▶ **Assignment**:
The expected result is the full listing, retyped exactly, without a single picture.

===== Stored data

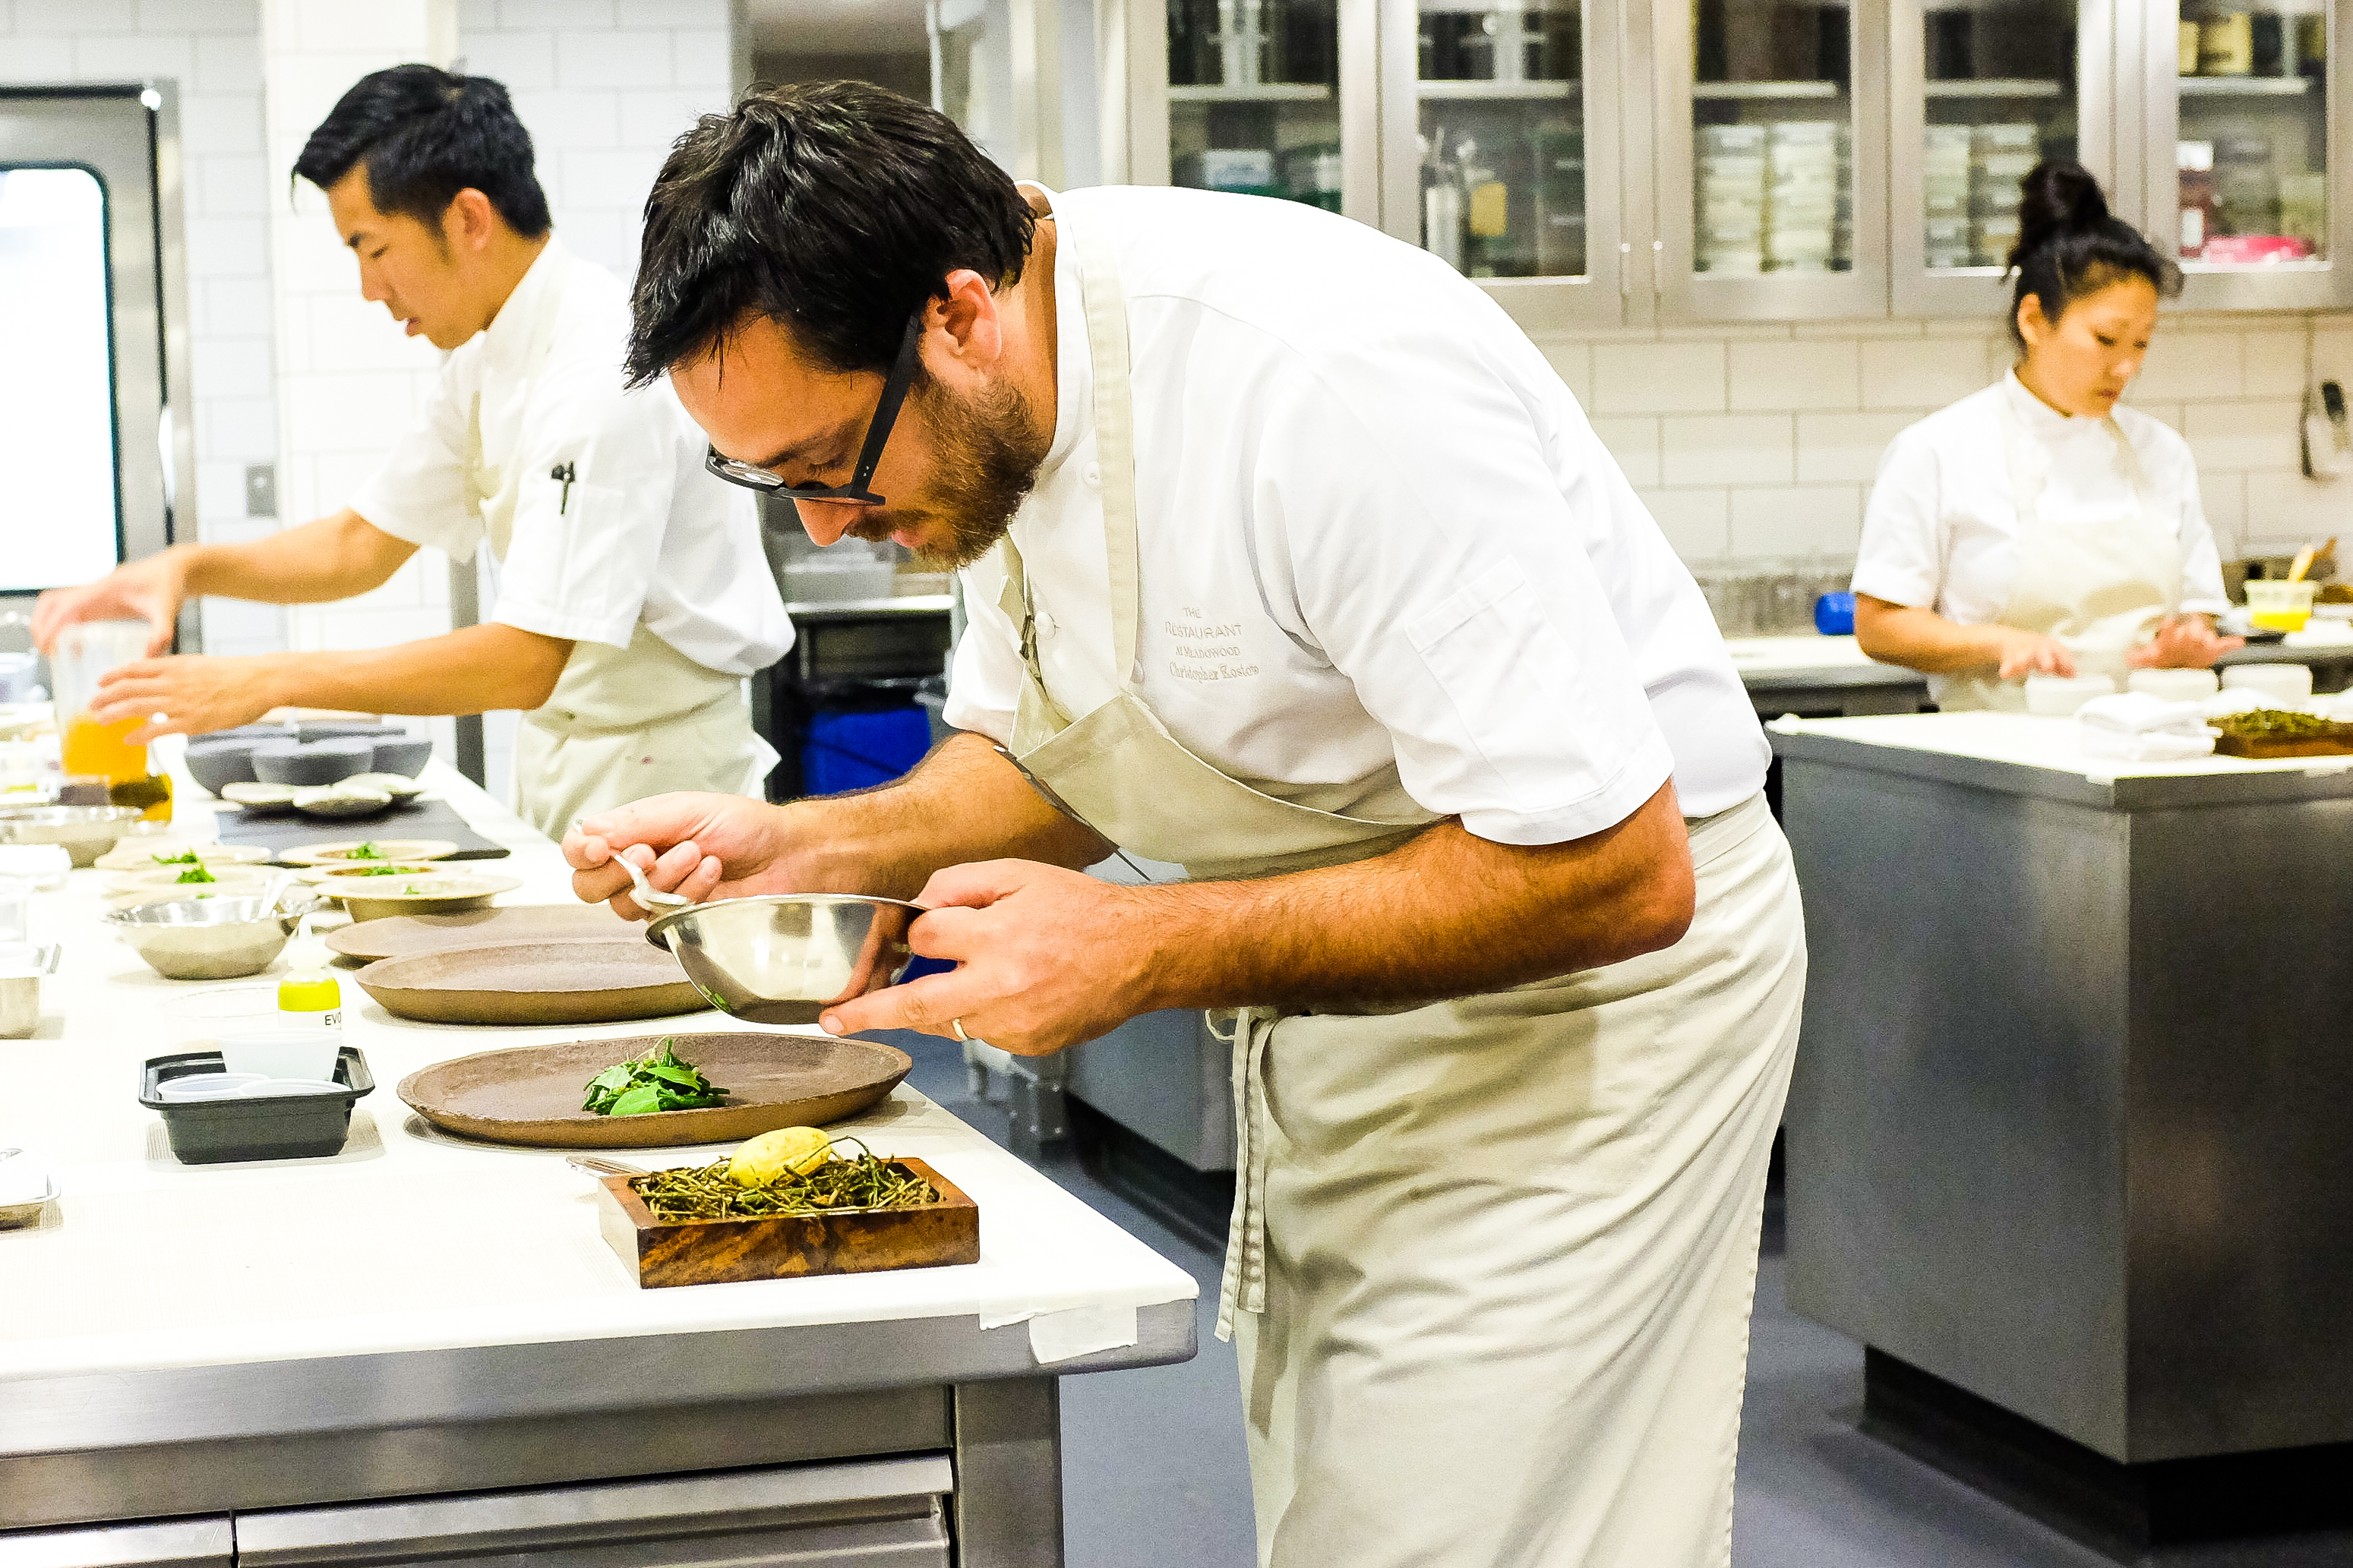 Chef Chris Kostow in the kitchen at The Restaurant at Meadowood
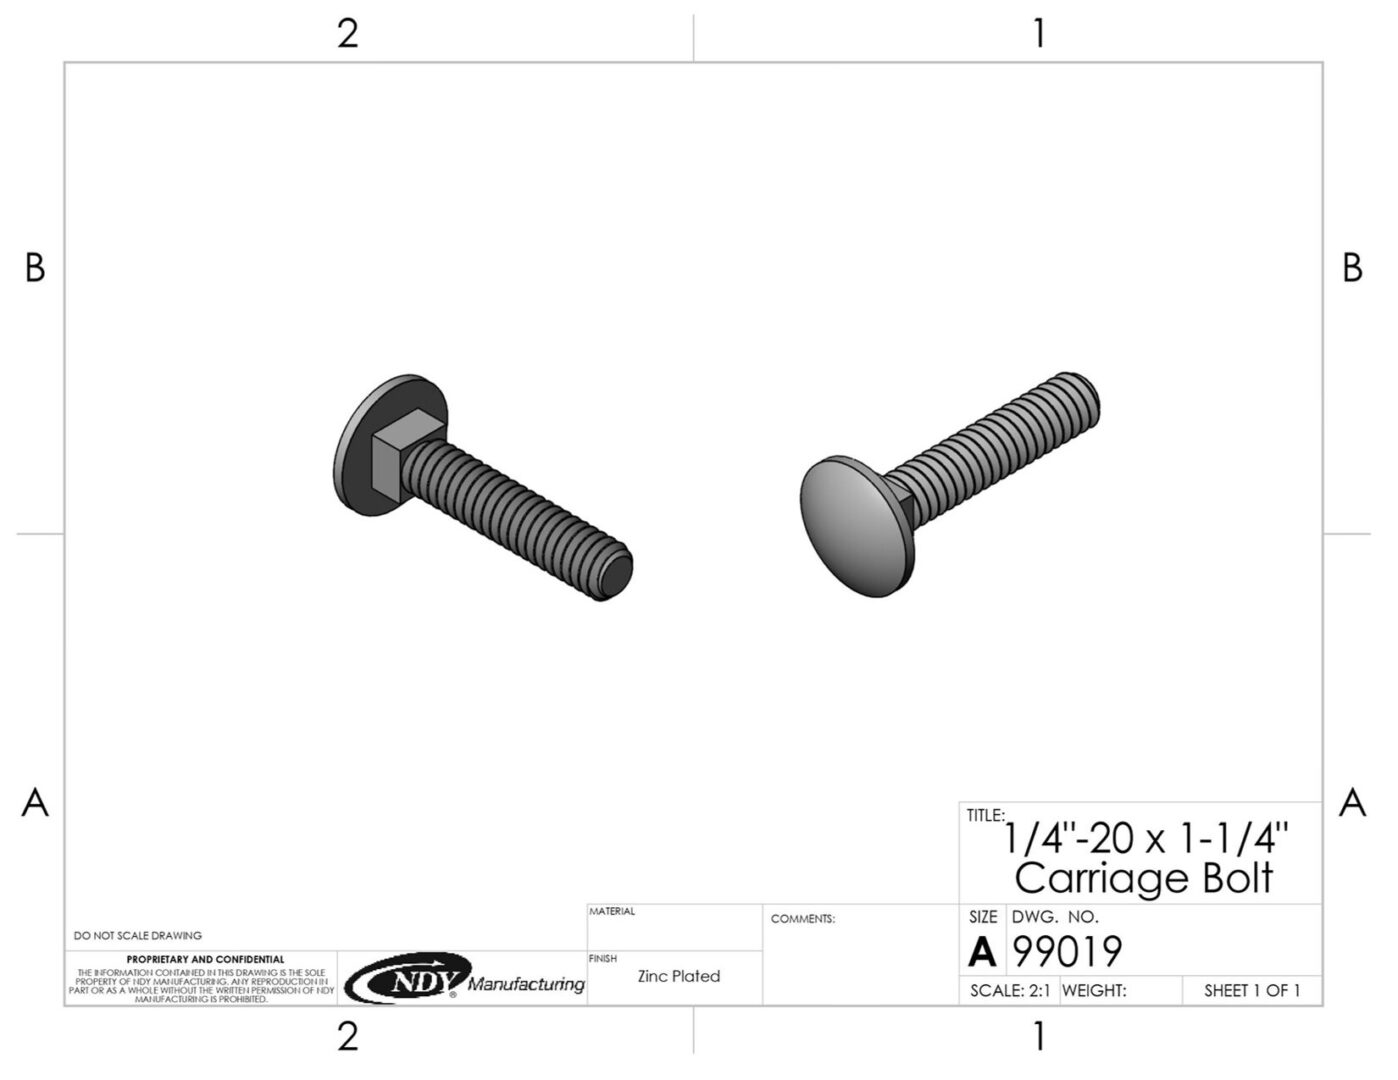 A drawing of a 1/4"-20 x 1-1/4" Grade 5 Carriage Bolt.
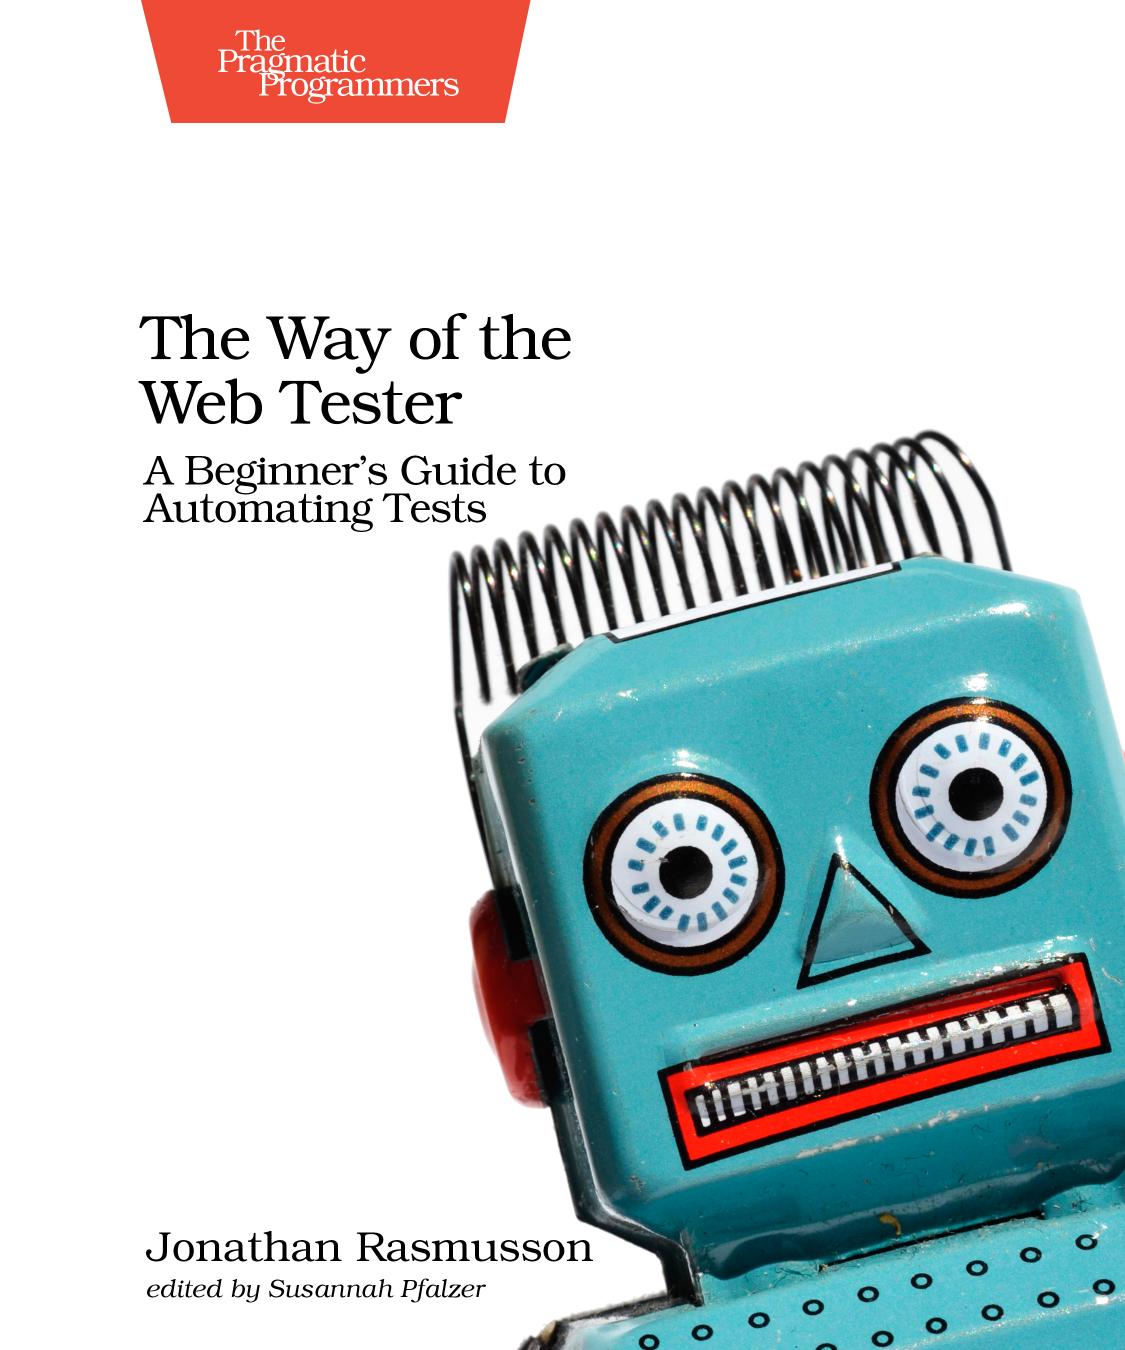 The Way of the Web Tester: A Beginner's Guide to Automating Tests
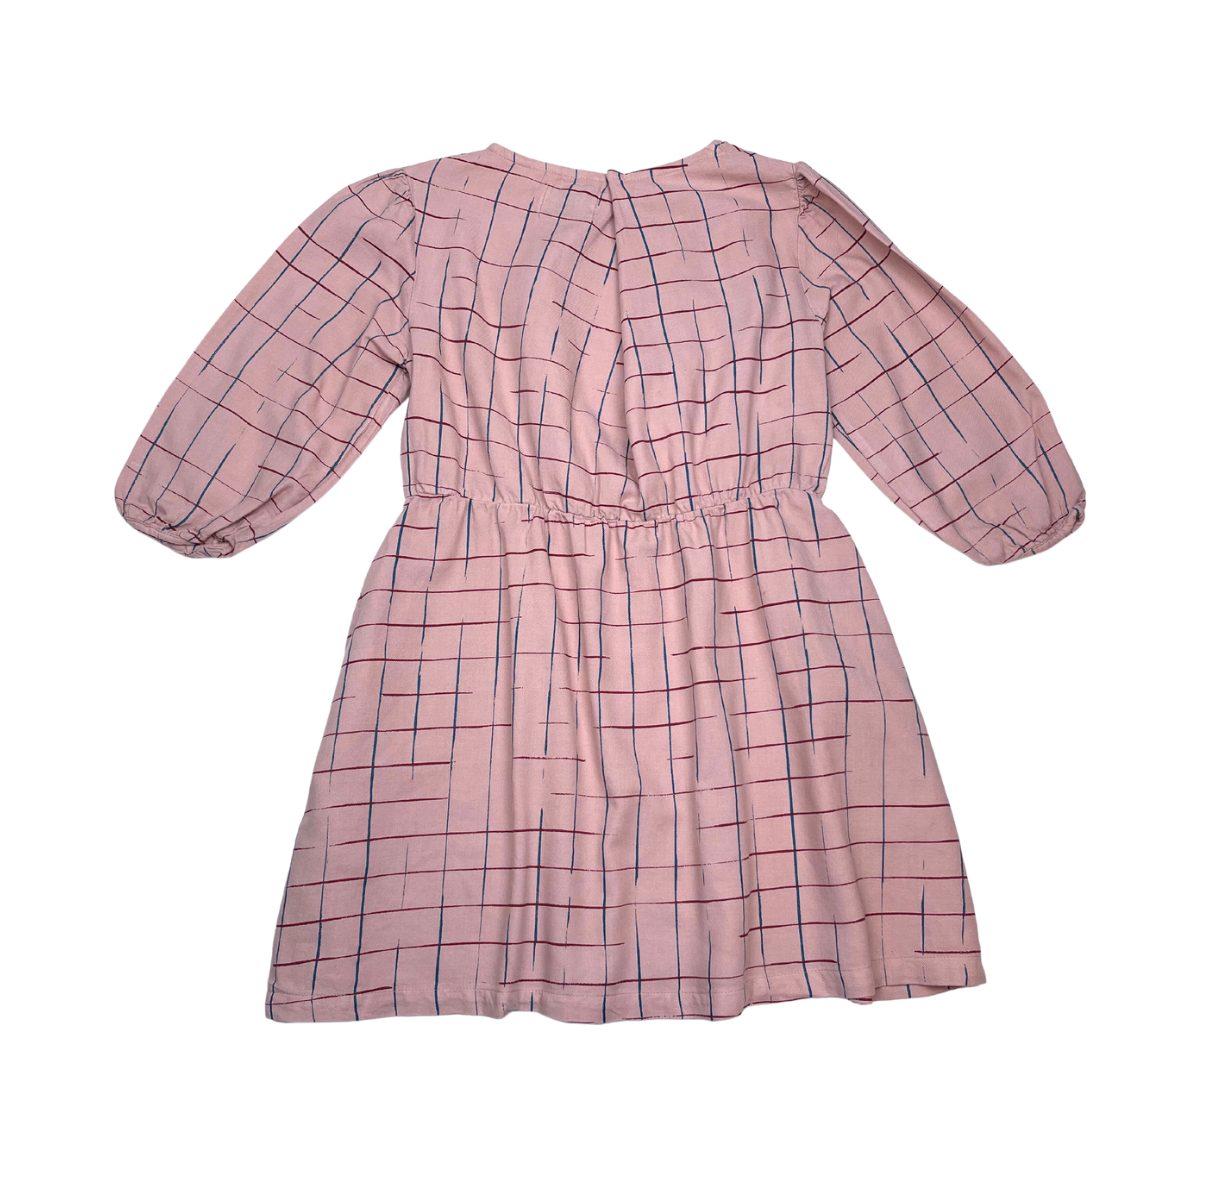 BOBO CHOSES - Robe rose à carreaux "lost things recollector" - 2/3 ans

==========

▶ **Solution**:
 Chef Chris Kostow in the kitchen at The Restaurant at Meadowood
 A drawing of a 1/4"-20 x 1-1/4" Grade 5 Carriage Bolt.
 The Way of the Web Tester: A Beginner's Guide to Automating Tests
 BOBO CHOSES - Robe rose à carreaux "lost things recollector" - 2/3 ans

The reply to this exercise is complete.